§ Exercise data:
- Opening Delimiter -

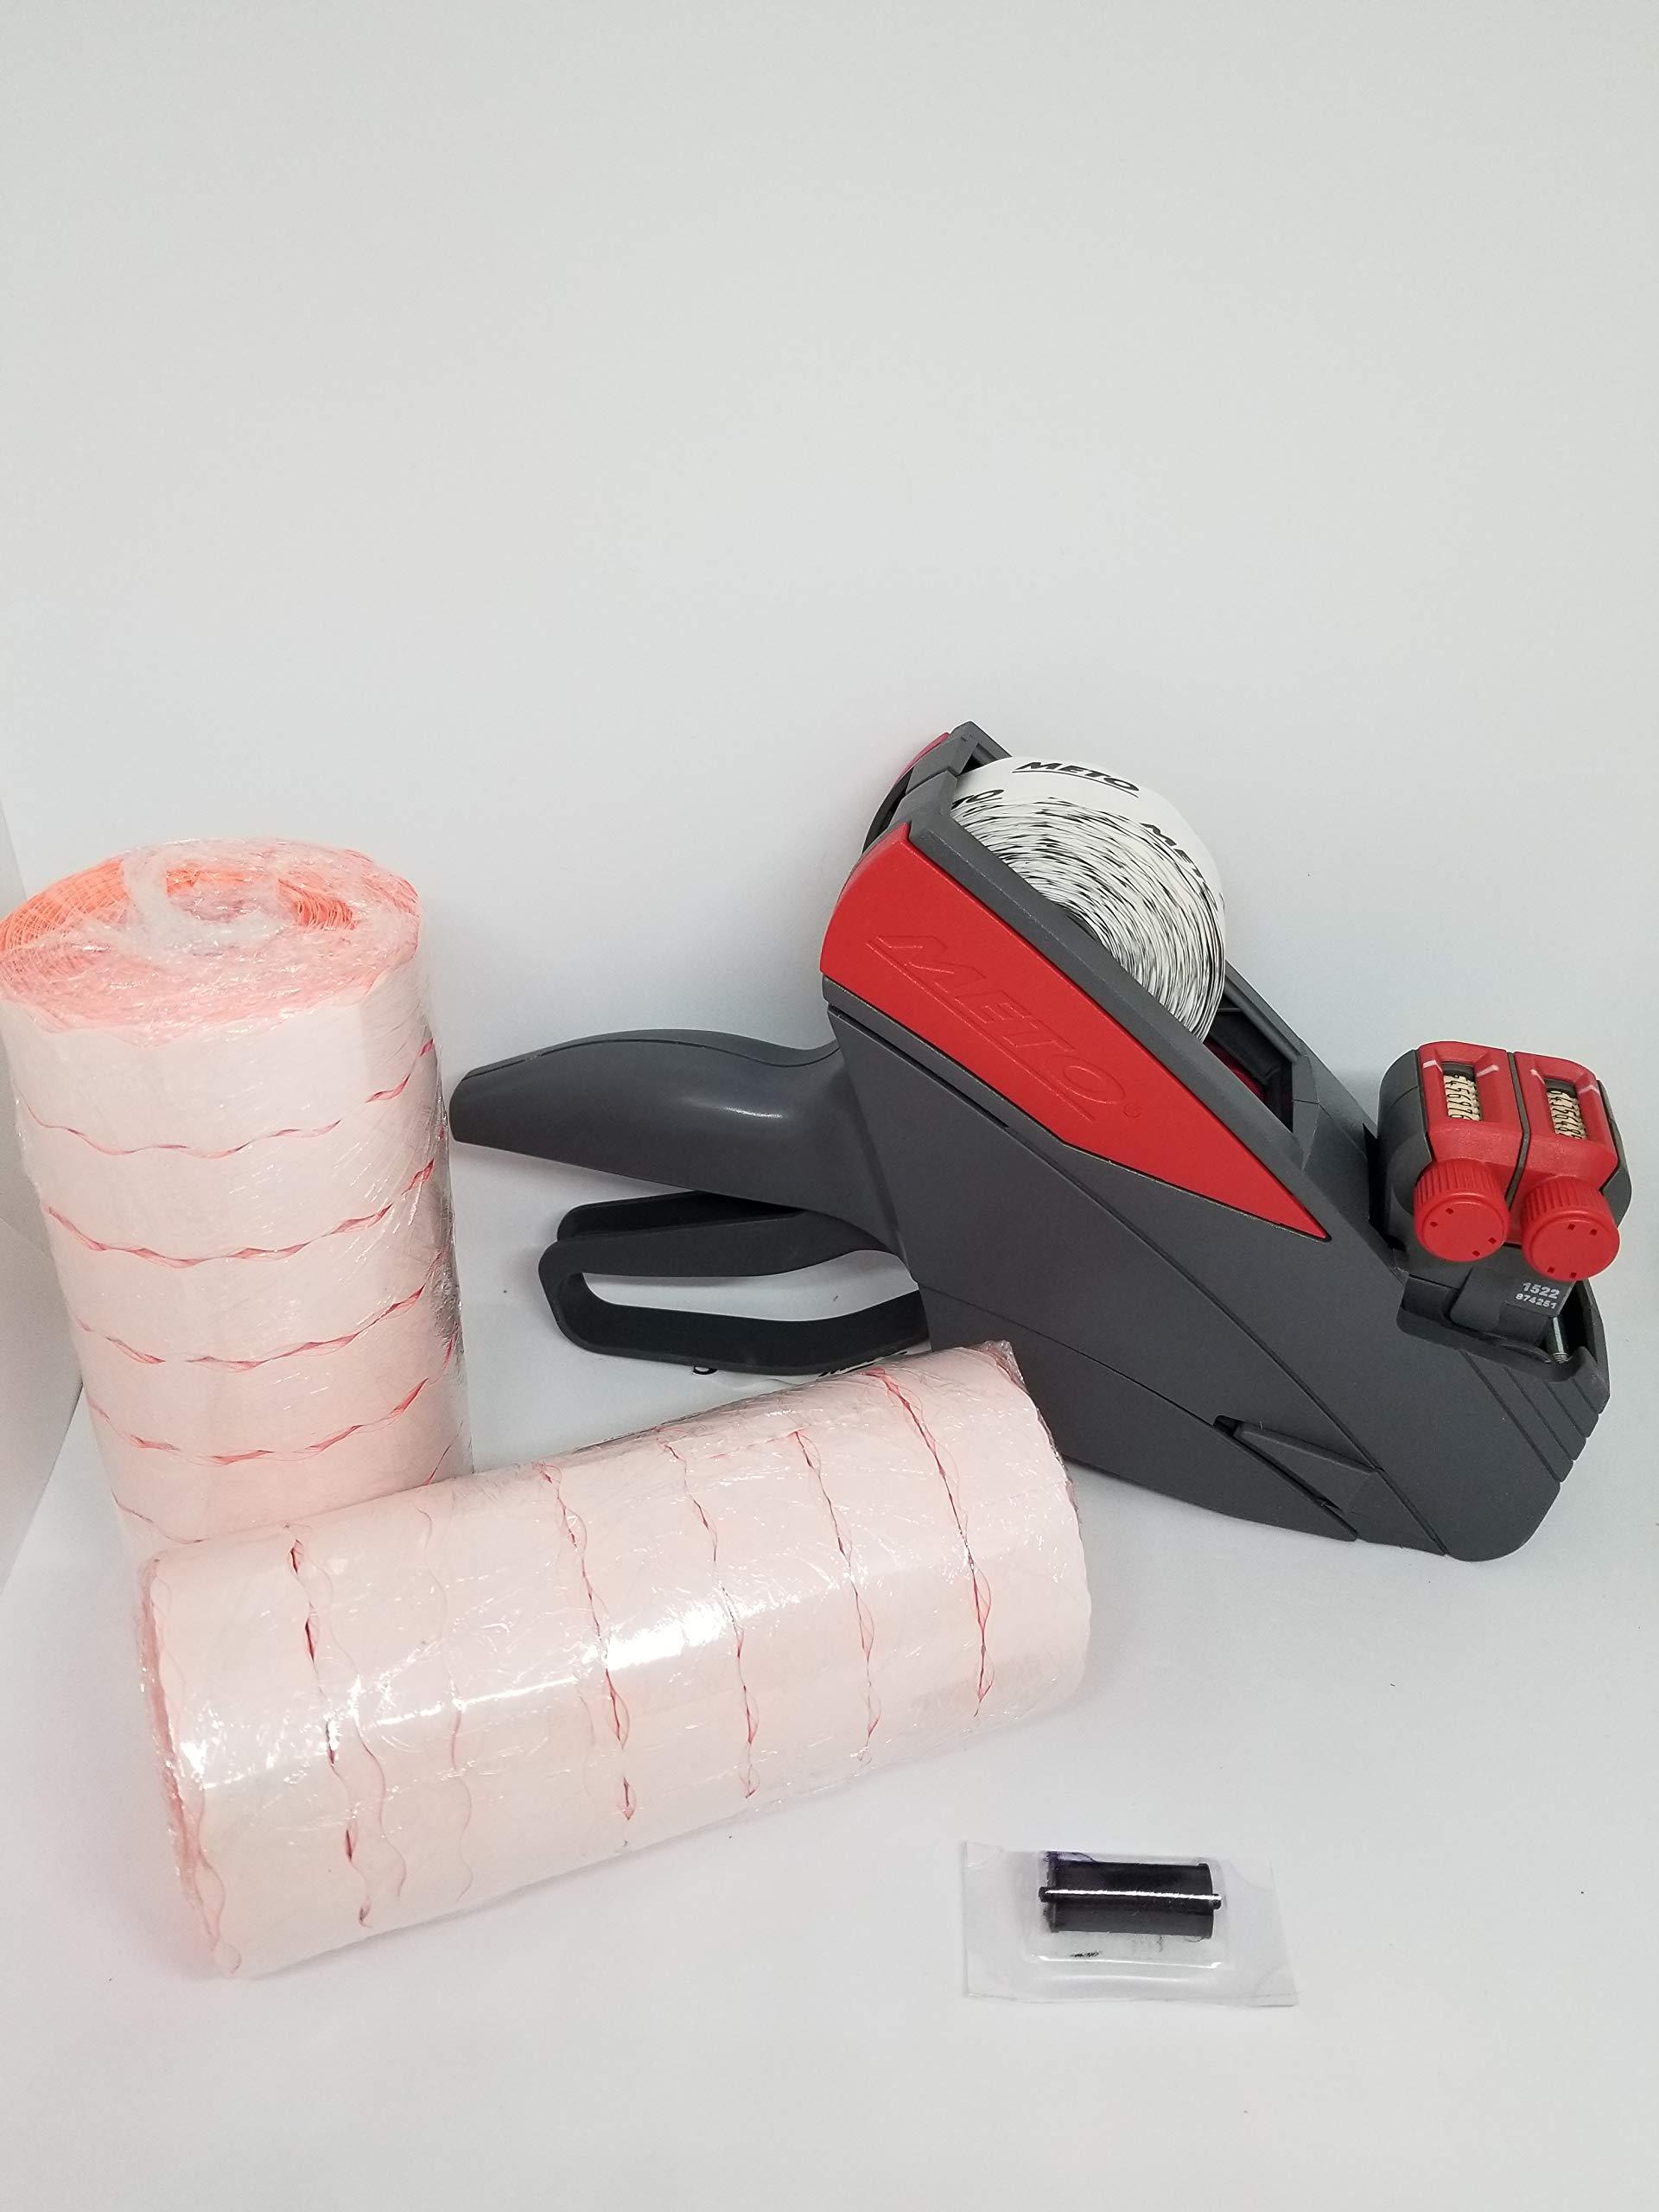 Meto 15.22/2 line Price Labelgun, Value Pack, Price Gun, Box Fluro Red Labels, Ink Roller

- Closing Delimiter -
- Opening Delimiter -

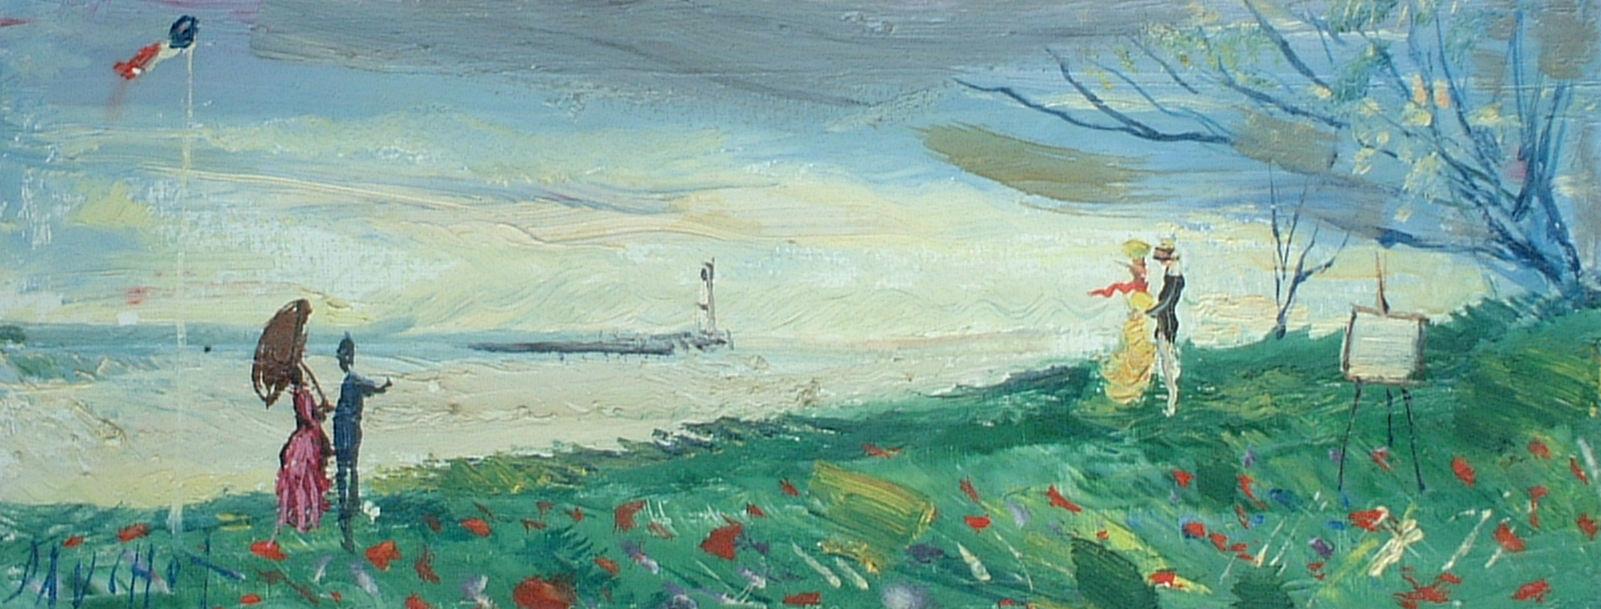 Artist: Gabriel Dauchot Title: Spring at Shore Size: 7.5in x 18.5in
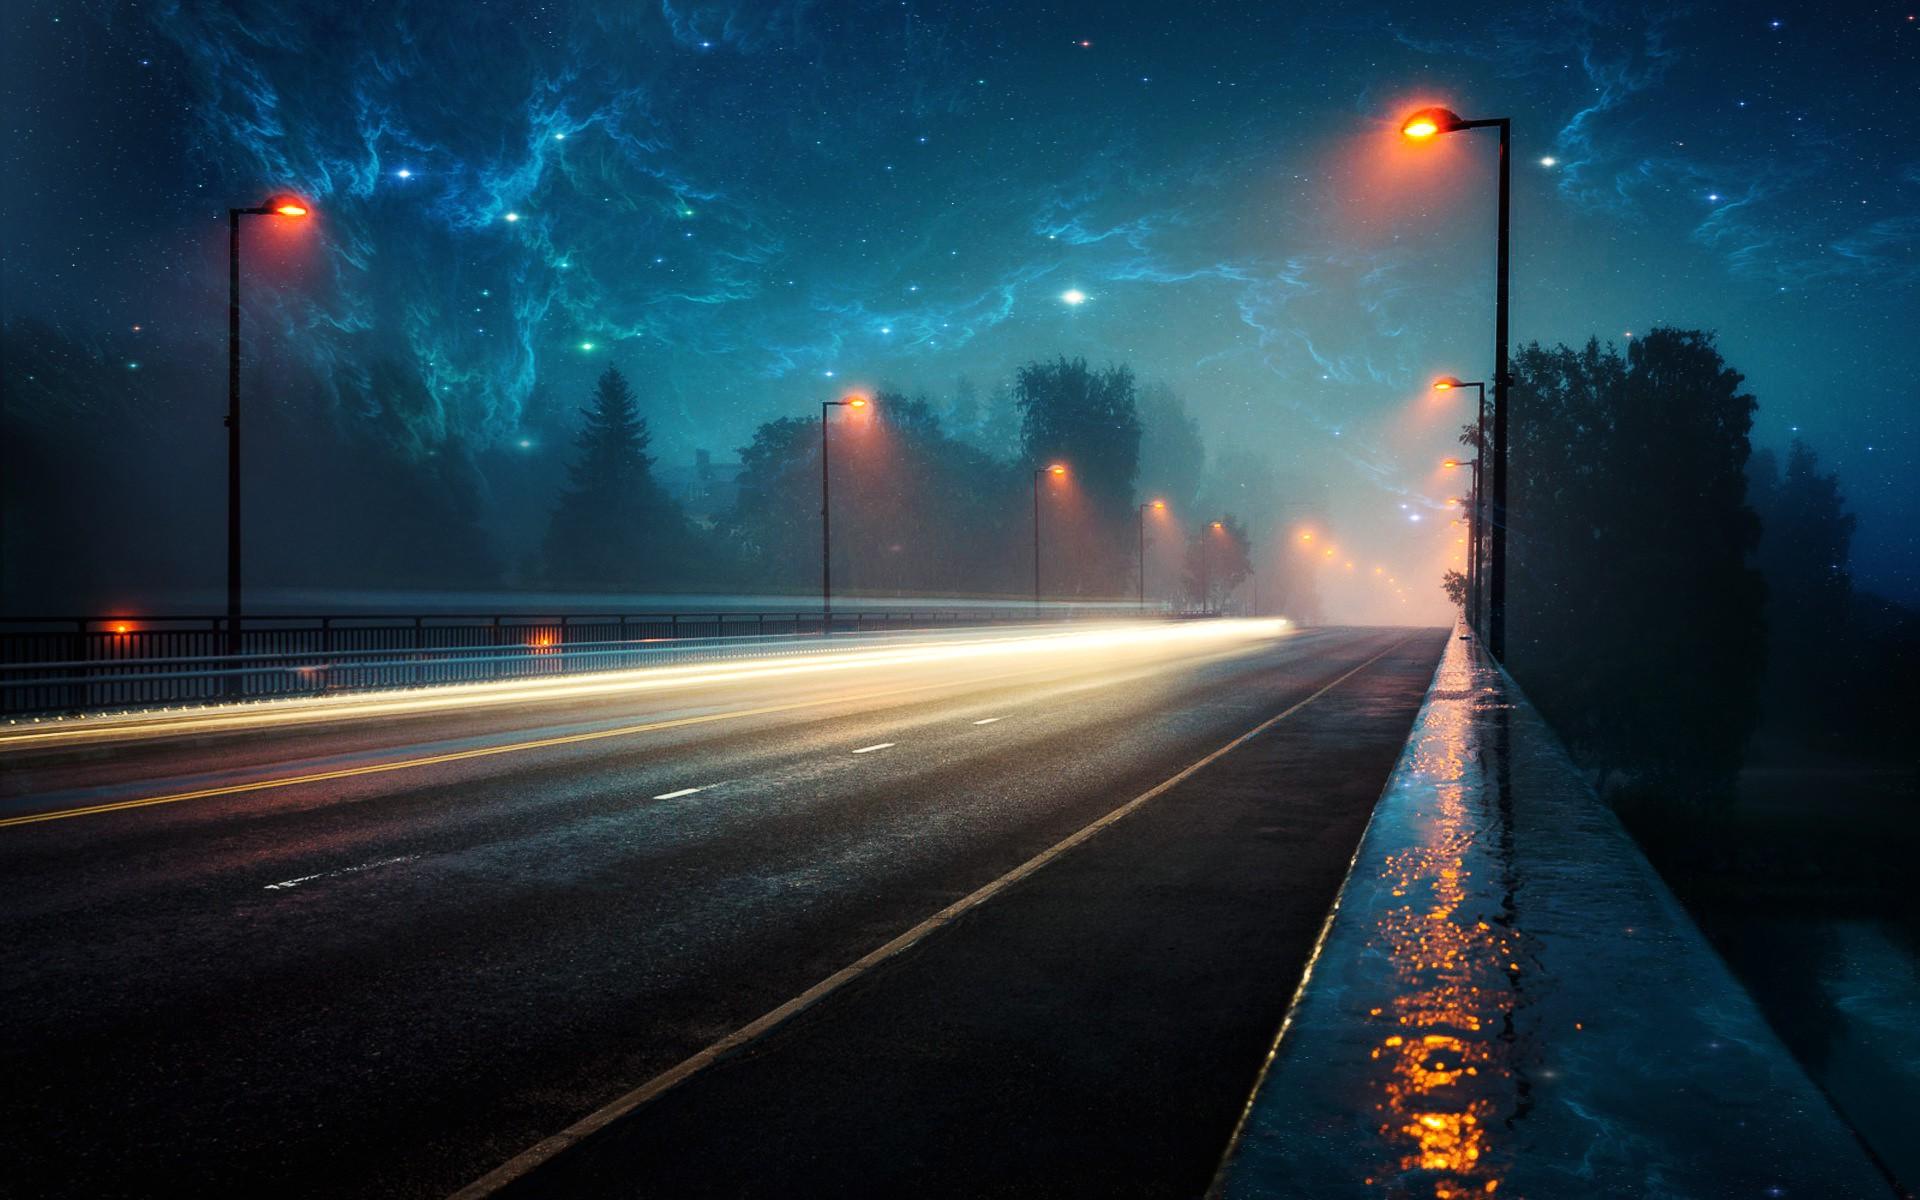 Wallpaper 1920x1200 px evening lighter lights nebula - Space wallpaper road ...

- Closing Delimiter -

§ Work to complete:
Print, exactly, each line above from the one with "Artist: Gabriel Dauchot" to the one with "Wallpaper 1920x1200 px", end lines included. Leave pictures out of it.

§ Exercise solution:
 Artist: Gabriel Dauchot Title: Spring at Shore Size: 7.5in x 18.5in
 Wallpaper 1920x1200 px evening lighter lights nebula - Space wallpaper road ...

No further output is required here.